Я запомнила, что отца нашли за столом, и спросила:
— Он тоже получил бомбу в письме? Это была бомба?
Джаджа выхватил у меня телефон. Тетушка Ифеома подвела меня к кровати. Я села, уставилась на то, что оказалось у меня перед глазами, и поняла, что на всю жизнь запомню этот мешок с рисом: и то, как он привалился к стене возле стола, и коричневые переплетающиеся джутовые волокна, из которых он был сделан, и слова «Adada длиннозерный». Мне и в голову не приходило, что папа умрет, что он вообще может умереть. Он был не таким, как Адэ Кокер, как все остальные люди, которых убили. Он казался мне бессмертным.
Мы с Джаджа сидели в гостиной и смотрели туда, где раньше стояла этажерка с фигурками балерин.
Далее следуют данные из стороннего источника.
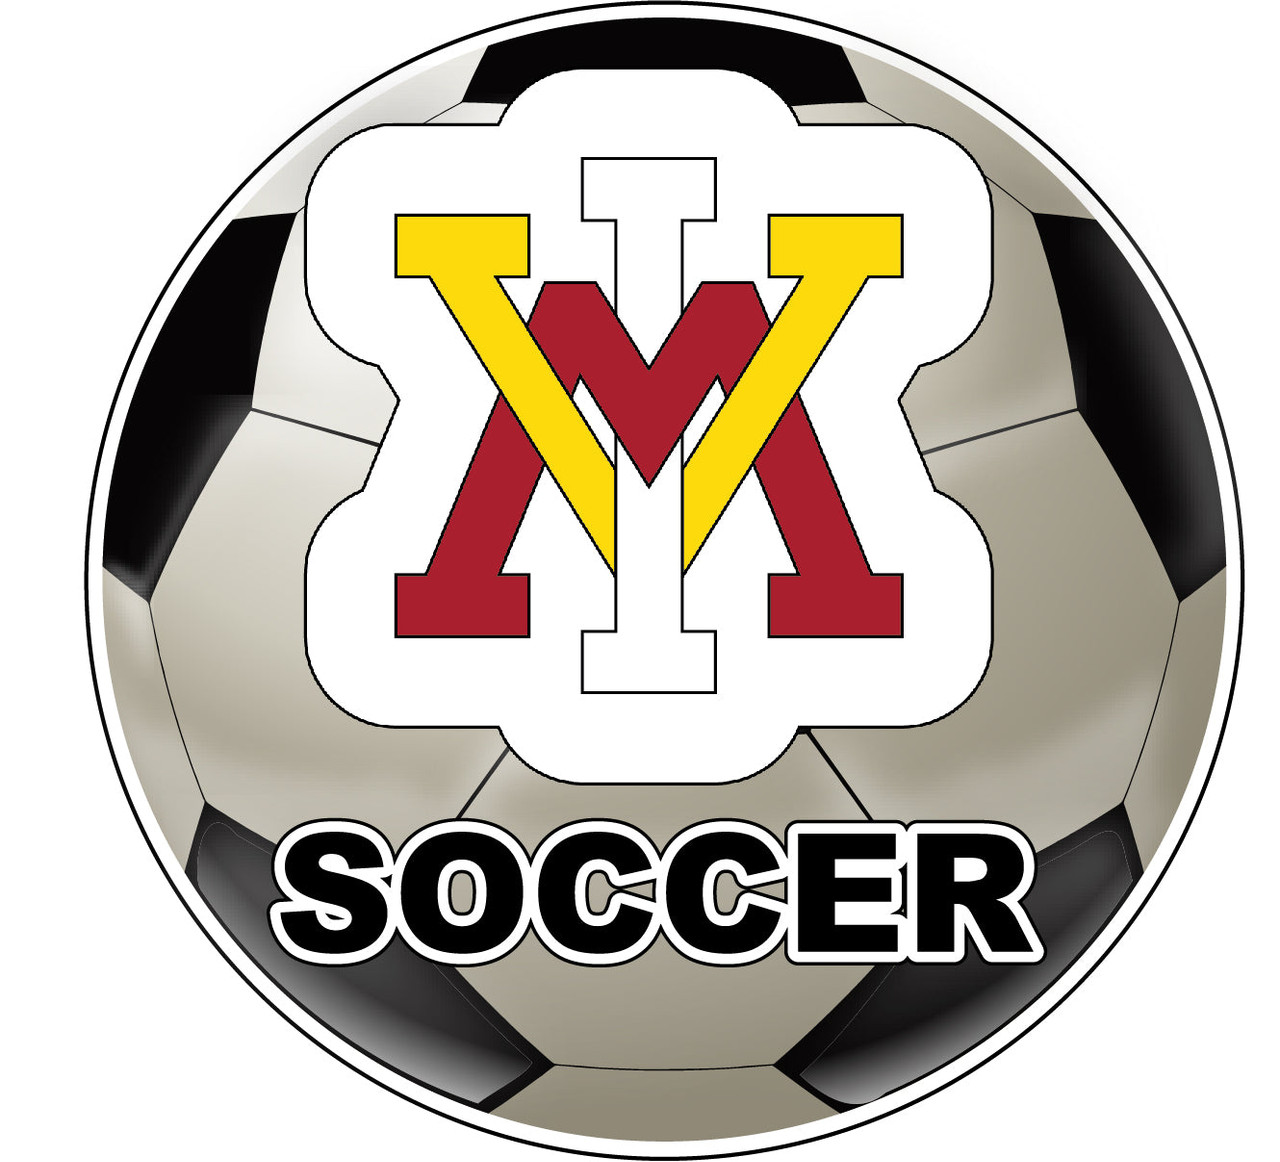 VMI Keydets 4-Inch Round Soccer Ball Vinyl Decal Sticker

Мама была наверху, собирала папины вещи. Я поднялась было к ней, чтобы помочь, но увидела, как она стоит на коленях на пушистом ковре и прижимает к лицу его винно-красную пижаму. Она не подняла на меня глаз, когда я вошла. Только сказала:
— Иди, ппе, побудь с Джаджа, — шелк папиной пижамы заглушал ее голос.
За окном проливной дождь хлестал по закрытым ставням в каком-то яростном ритме. Еще миг, и он сорвет с веток кешью и манго, которые упадут и начнут разлагаться на влажной почве, источая кисло-сладкий запах гниения.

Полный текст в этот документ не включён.